* Your goal
Copy out the listing below exactly, please, and skip any pictures.

* Dataset content
*-*-*

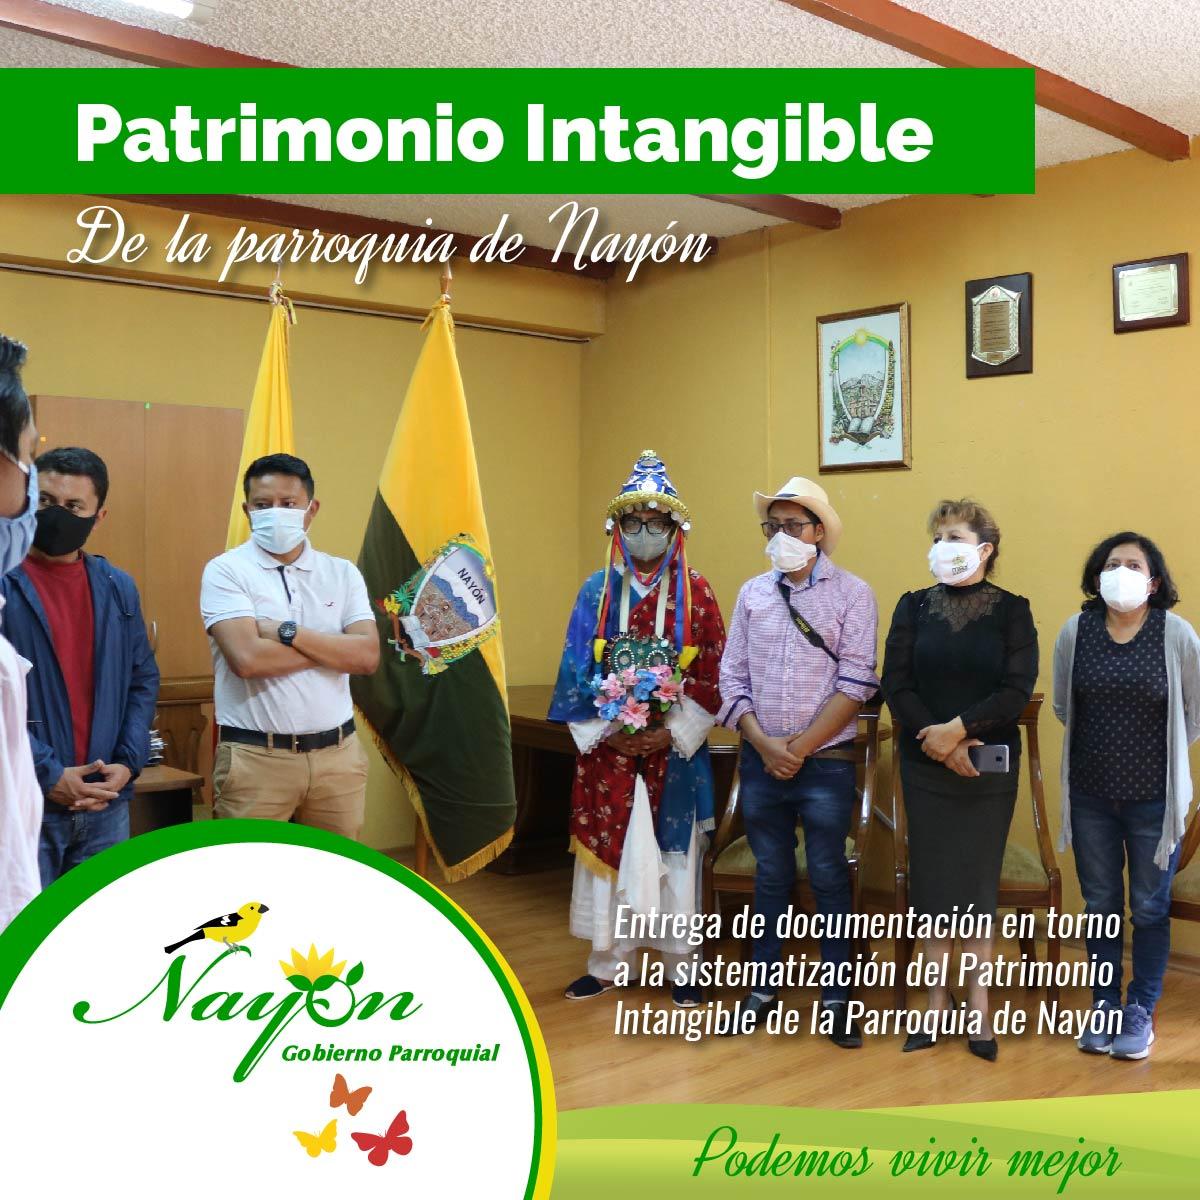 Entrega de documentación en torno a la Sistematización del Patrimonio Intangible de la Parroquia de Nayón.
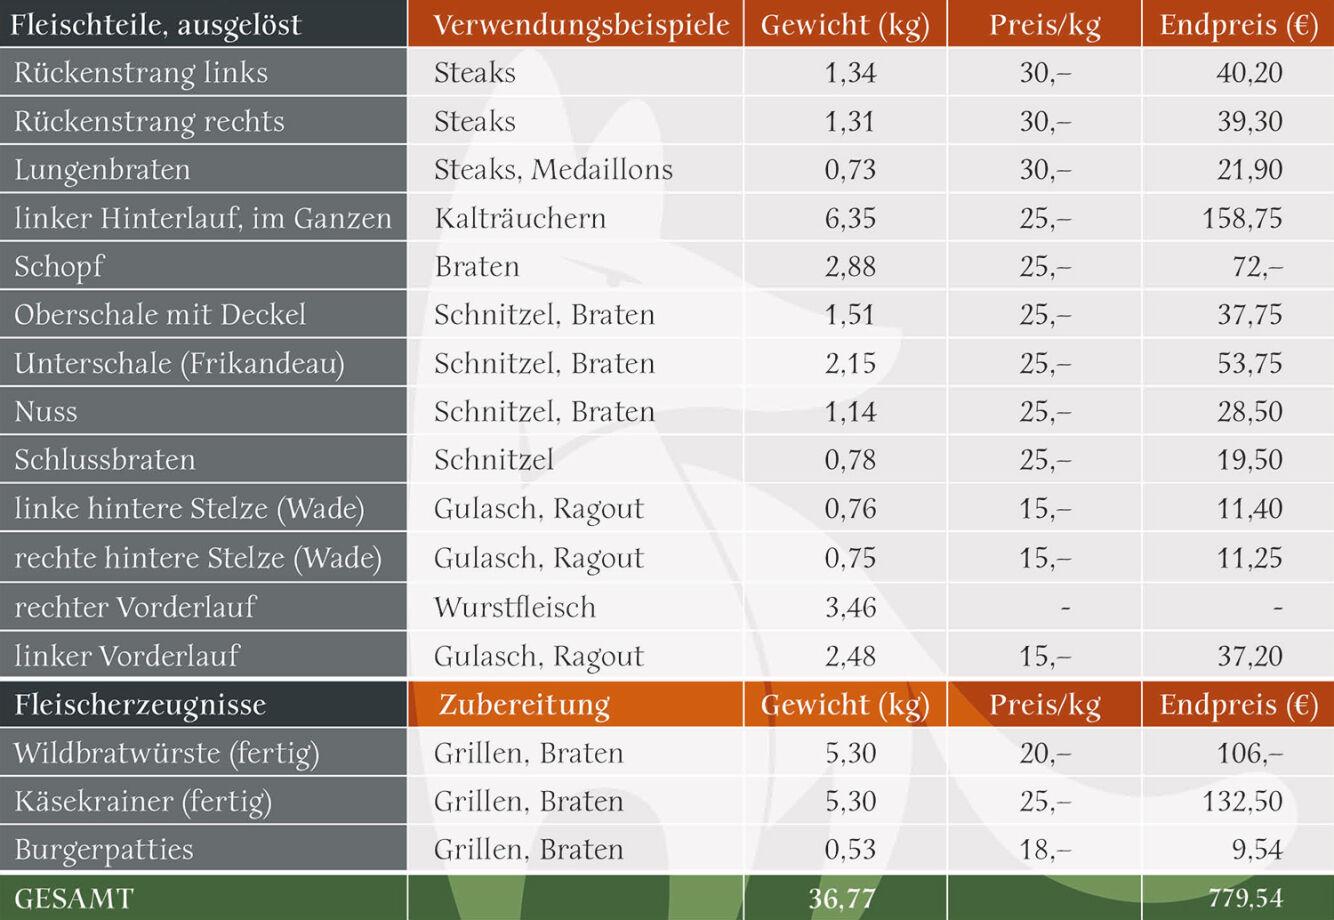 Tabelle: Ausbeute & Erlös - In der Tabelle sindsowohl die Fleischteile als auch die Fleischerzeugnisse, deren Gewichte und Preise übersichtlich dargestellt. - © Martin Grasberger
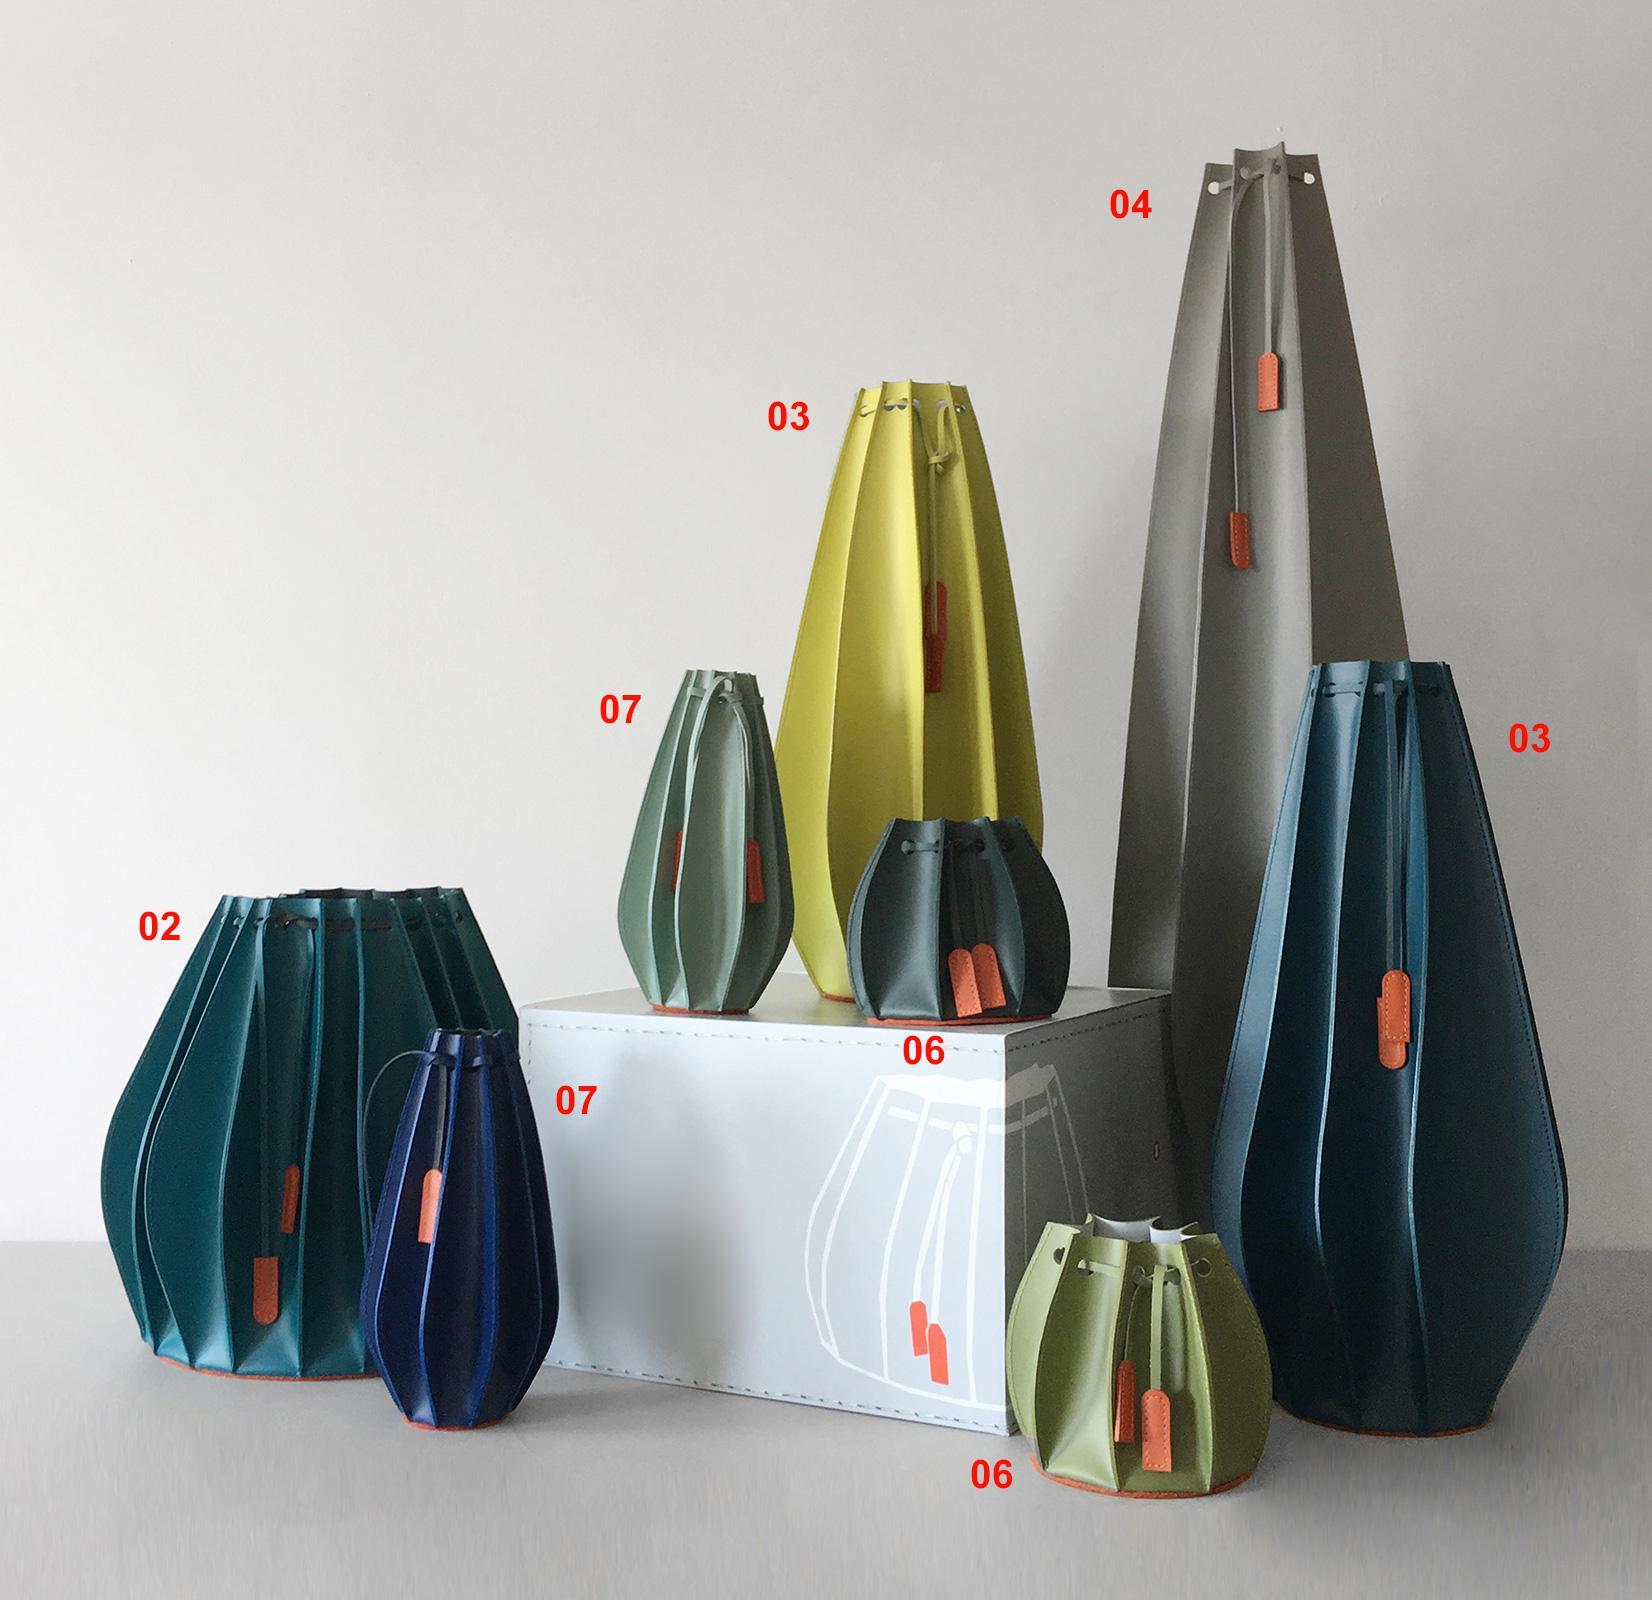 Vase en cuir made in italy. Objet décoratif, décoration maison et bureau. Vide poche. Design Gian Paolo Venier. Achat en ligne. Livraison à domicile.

*-*-*

* Solved exercise
 Entrega de documentación en torno a la Sistematización del Patrimonio Intangible de la Parroquia de Nayón.
 Tabelle: Ausbeute & Erlös - In der Tabelle sindsowohl die Fleischteile als auch die Fleischerzeugnisse, deren Gewichte und Preise übersichtlich dargestellt. - © Martin Grasberger
 Vase en cuir made in italy. Objet décoratif, décoration maison et bureau. Vide poche. Design Gian Paolo Venier. Achat en ligne. Livraison à domicile.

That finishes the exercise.